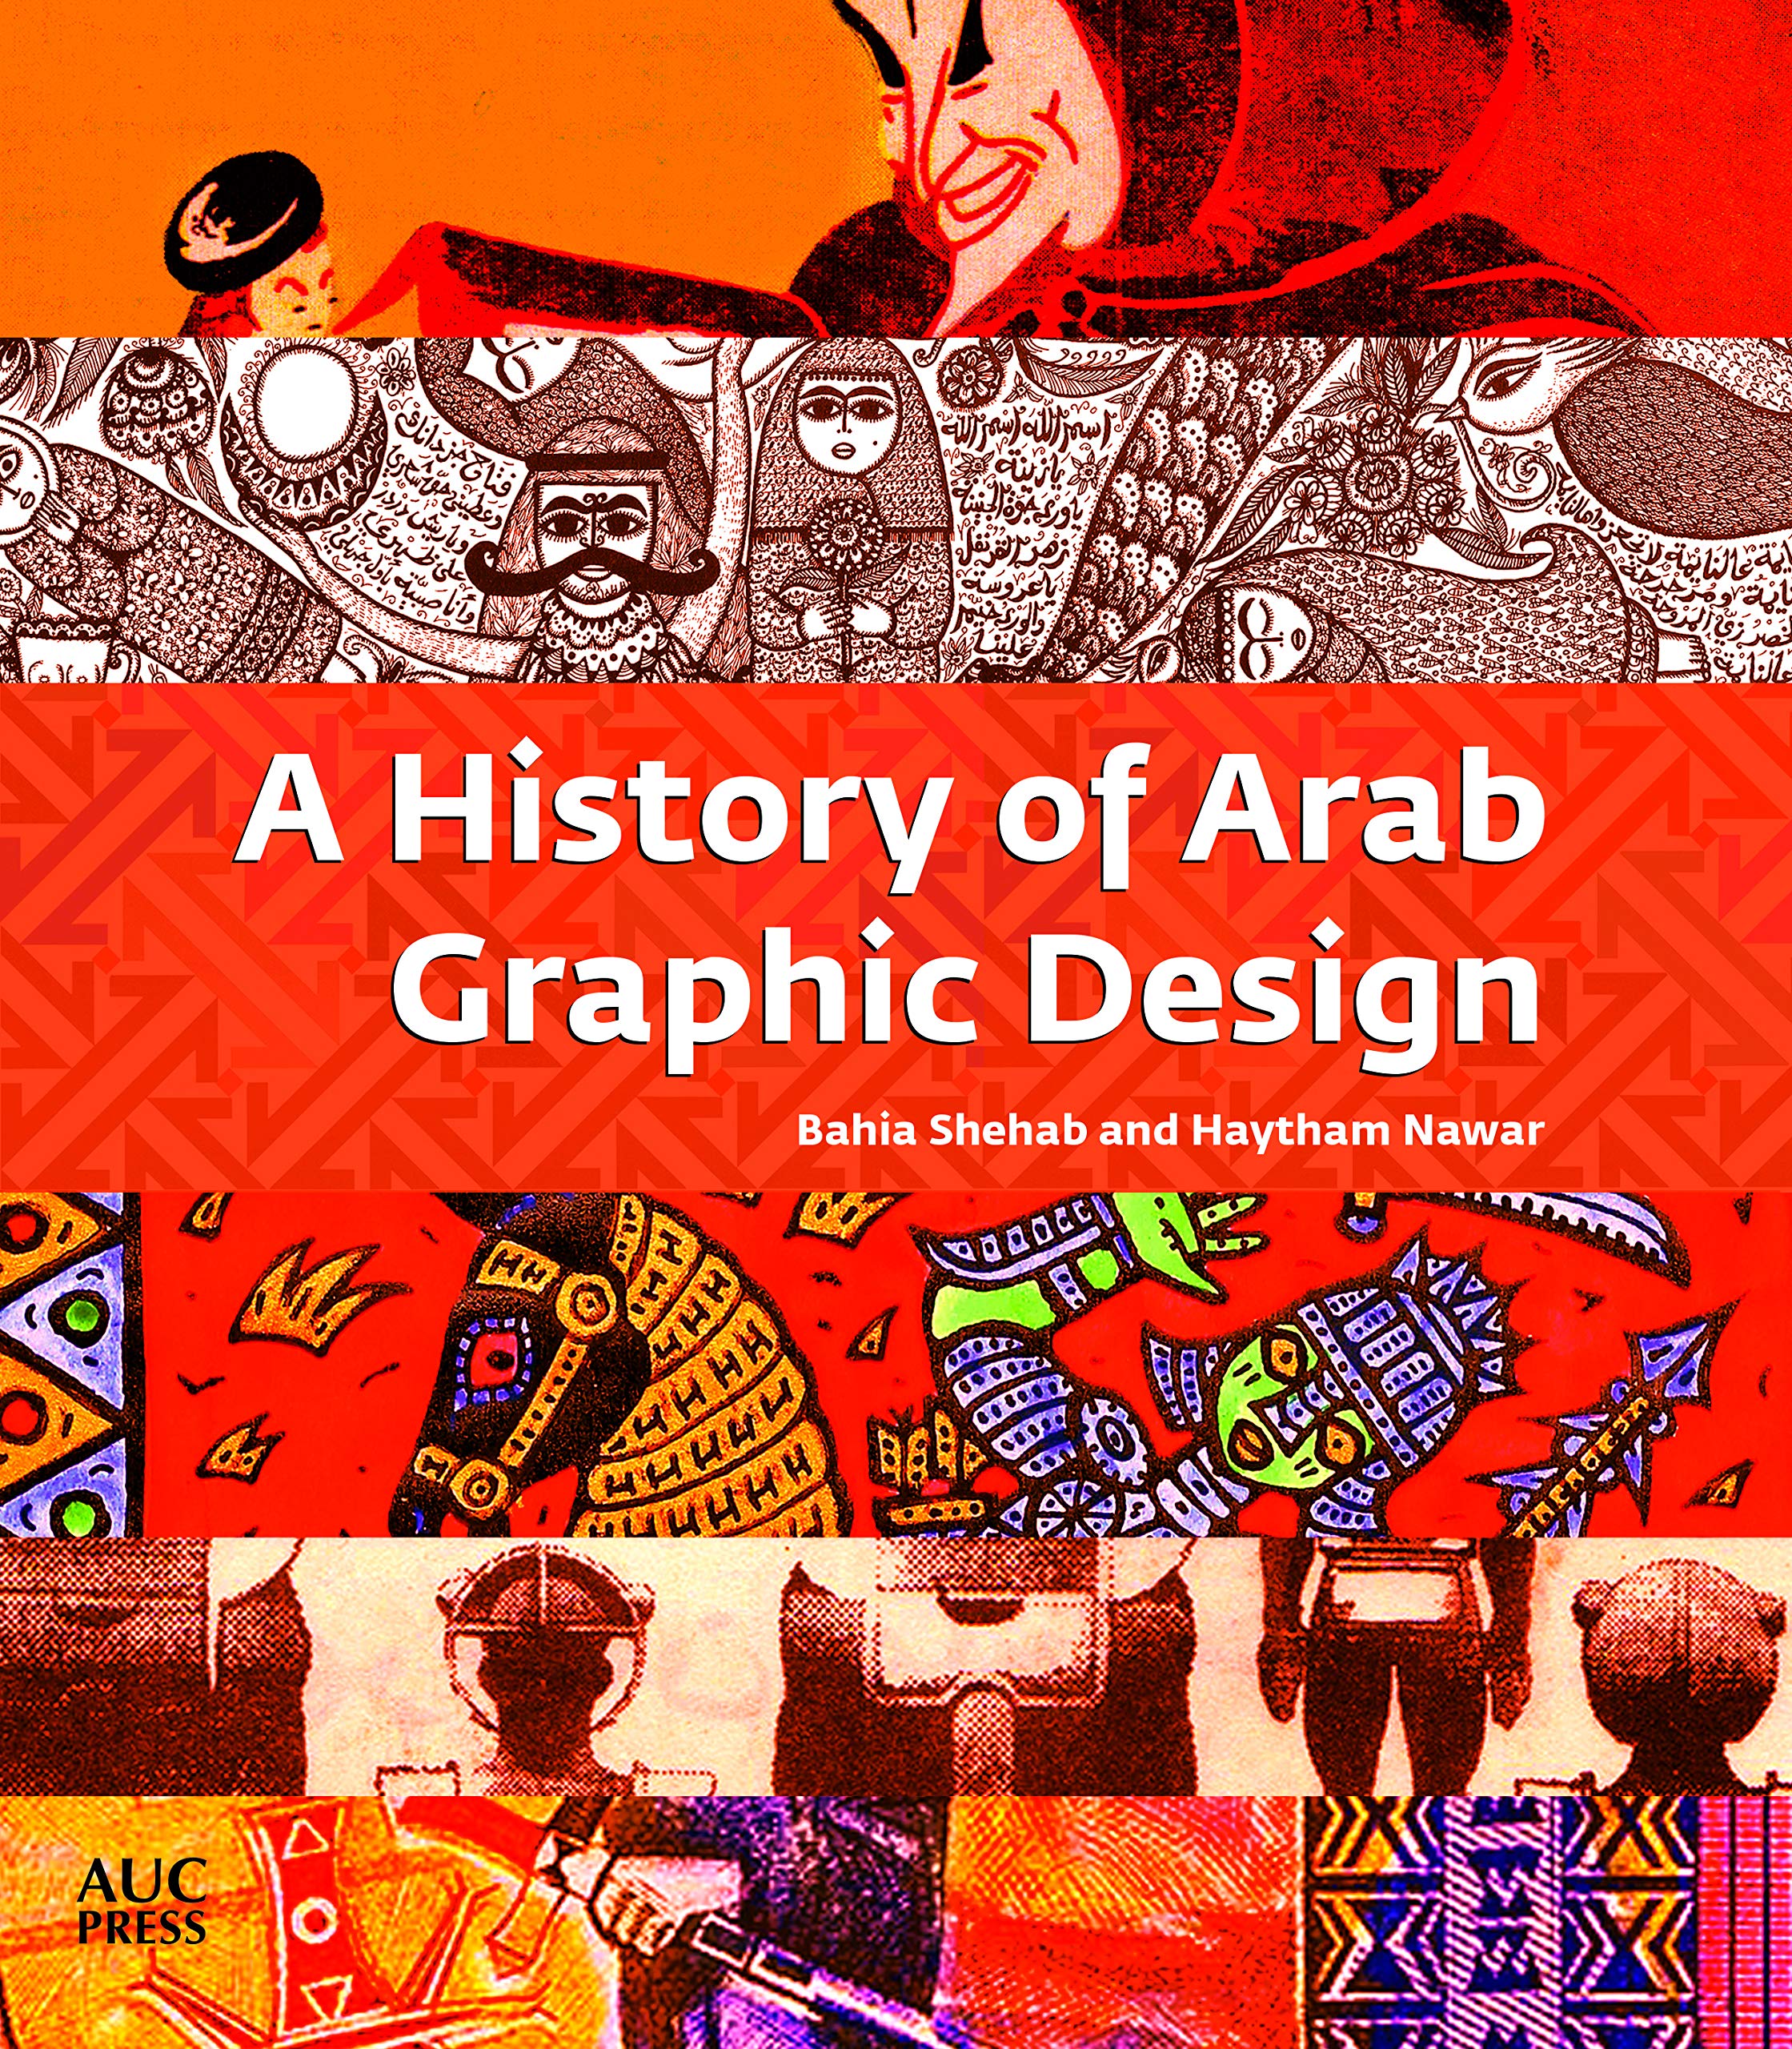 Image of the cover of A History of Arab Graphic Design
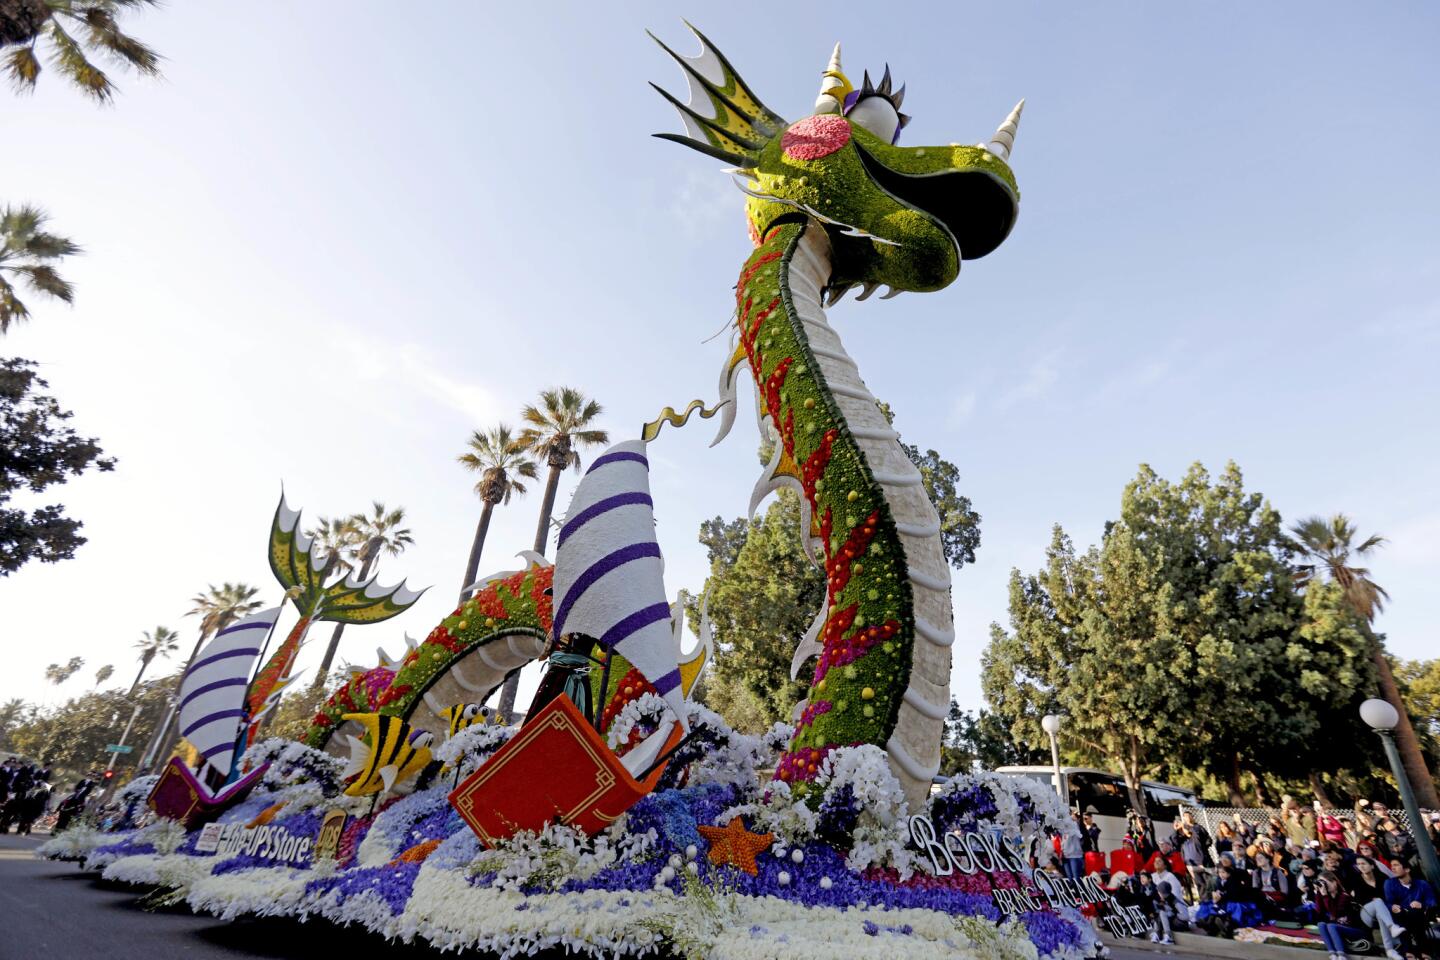 "Books Bring Dreams to Life" by The UPS Store, Inc winner of the Extraordinaire Trophy for the most extraordinary float in the 129th Rose Parade in Pasadena.
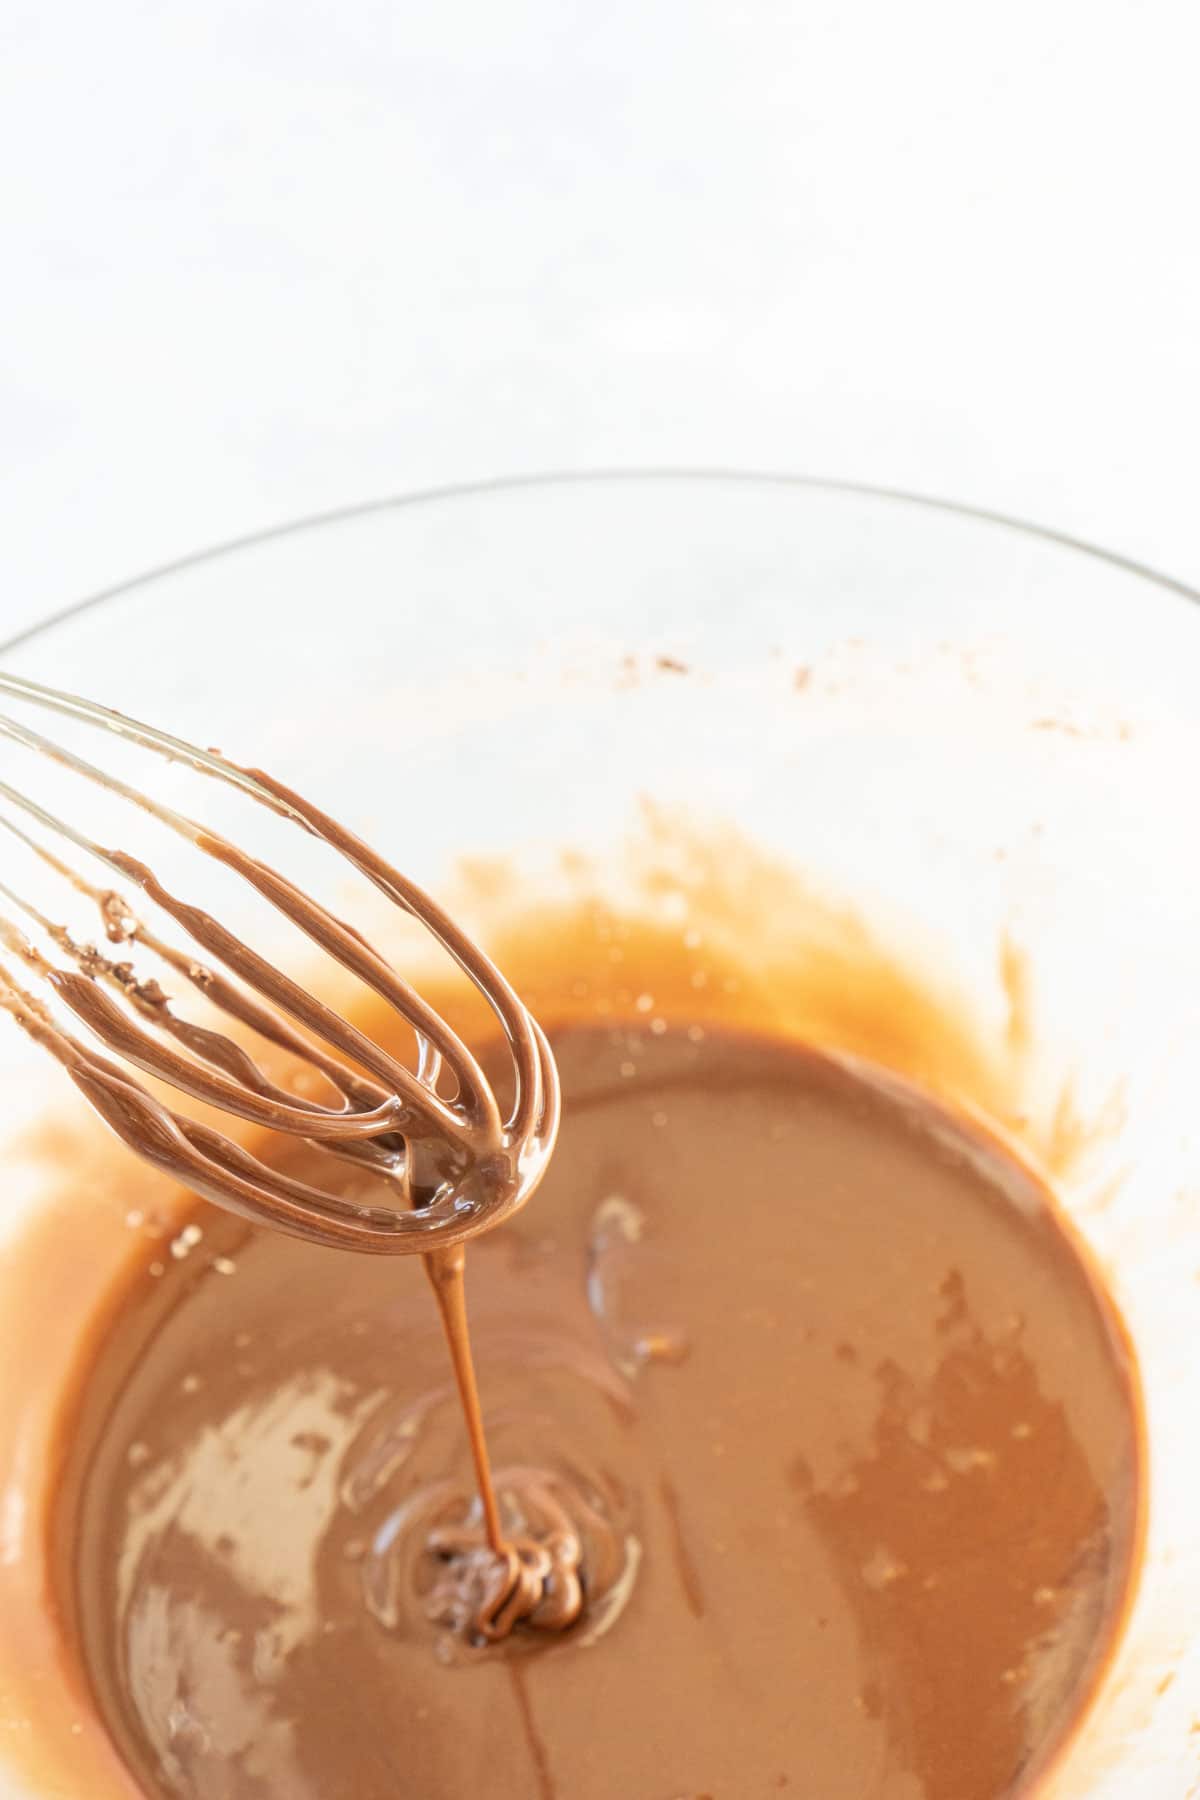 Whisk in a bowl with chocolate glaze

Exercise
Output all of the data above exactly; no pictures should appear.

Solution for this exercise
 Image of the cover of A History of Arab Graphic Design
 "Books Bring Dreams to Life" by The UPS Store, Inc winner of the Extraordinaire Trophy for the most extraordinary float in the 129th Rose Parade in Pasadena.
 Whisk in a bowl with chocolate glaze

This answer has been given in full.